JP is 10 always. JR is 12/7 (taken/not taken). So in fact, a JR is
faster if you design your routine to not take the conditional more often
than it does.

FYI, JP can't possibly be 1 because it takes more than 1 cycle just to
read the instrcution bytes. Check out how many cycles it takes to do a
"ld hl,NNNN"  .. that's the slow down, is reading the instruction from
the bus.
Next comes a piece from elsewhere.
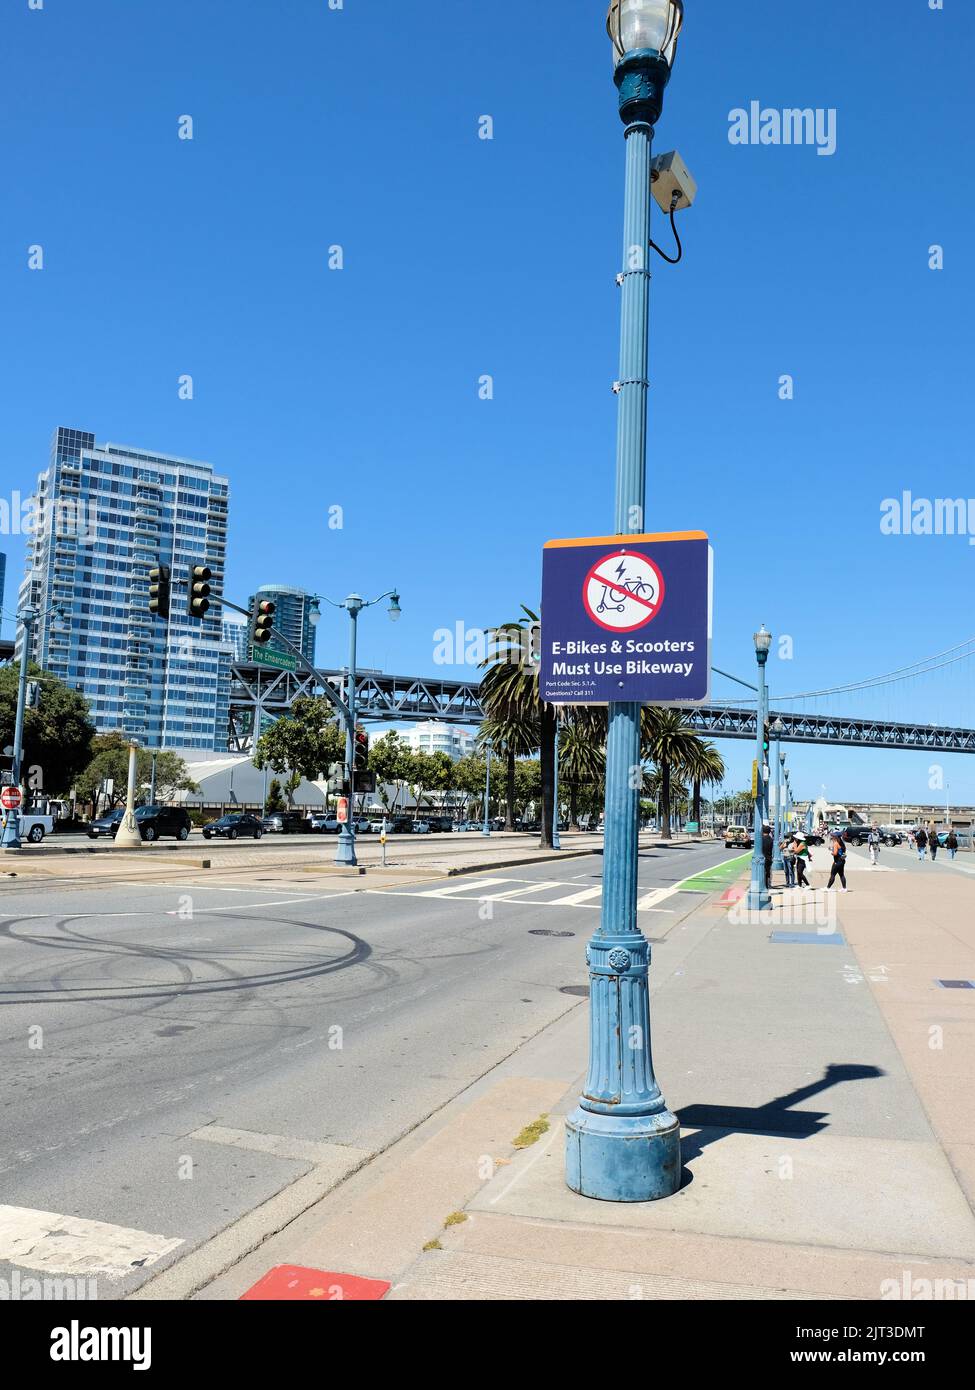 A street sign warning e-bikes and scooters to not ride on sidewalk in San Francisco, California's Embarcadero roadway; use bike path or bikeway. Stock Photo
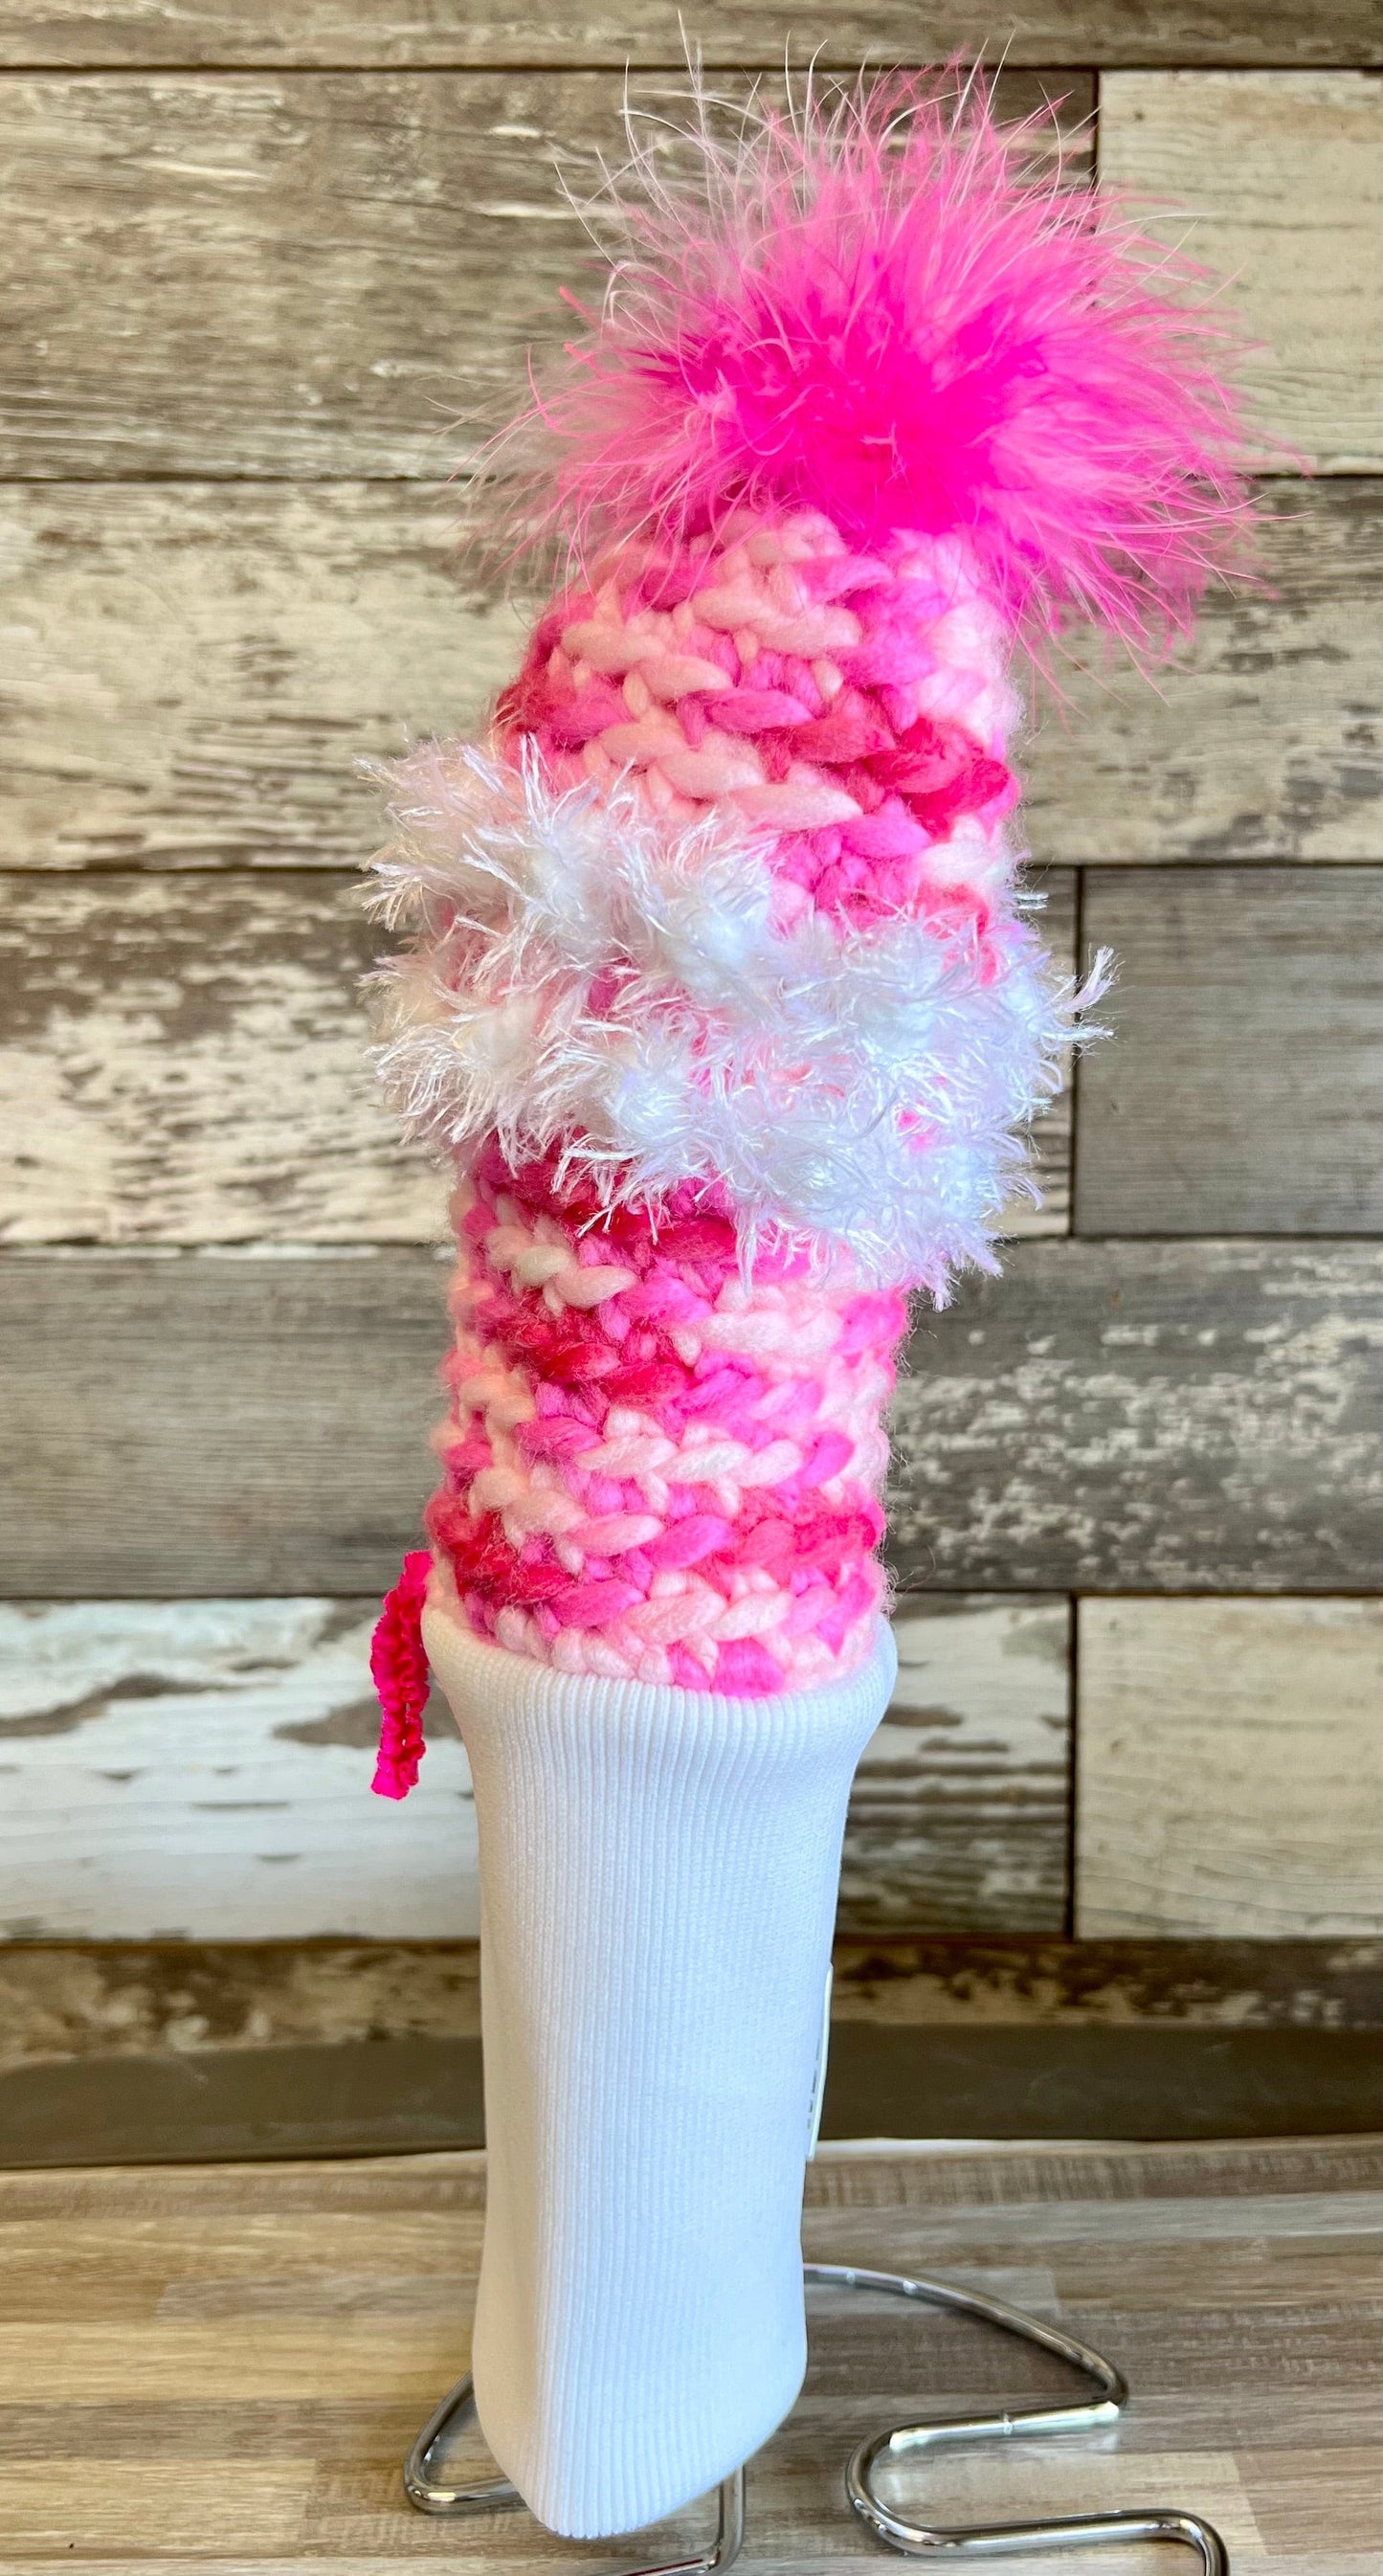 Handcrafted amazing Love Headcovers

And then the conditional case of JR takes longer because it has
to add the offset to PC, and on the non-conditional case, we can just
skip doing the math, saving time.

So, if 60% of the time you take the conditional, you come out about even
in time.. if you take it anymore, then you stand to gain time by using
jp.. if you take it less, you stand to gain time by using jr.. if you
are close to 60%, then you can at least gain byte by using jr.

--
Scott Dial
scott@scottdial.com
AIM GeekMug : ICQ# 3608935


-----Original Message-----
From: assembly-83-bounce@lists.ticalc.org
[mailto:assembly-83-bounce@lists.ticalc.org] On Behalf Of pad
Sent: Wednesday, August 13, 2003 5:45 PM
To: assembly-83@lists.ticalc.org
Subject: [A83] Re: Signed division by a power of two.




> No.  Conditional jp's take 10/1 tstates.  Jp is always faster.

10/1?  Sounds to me like that is what you get when you make a table
with a 4 character wide column, but then try to put 10/10 in it...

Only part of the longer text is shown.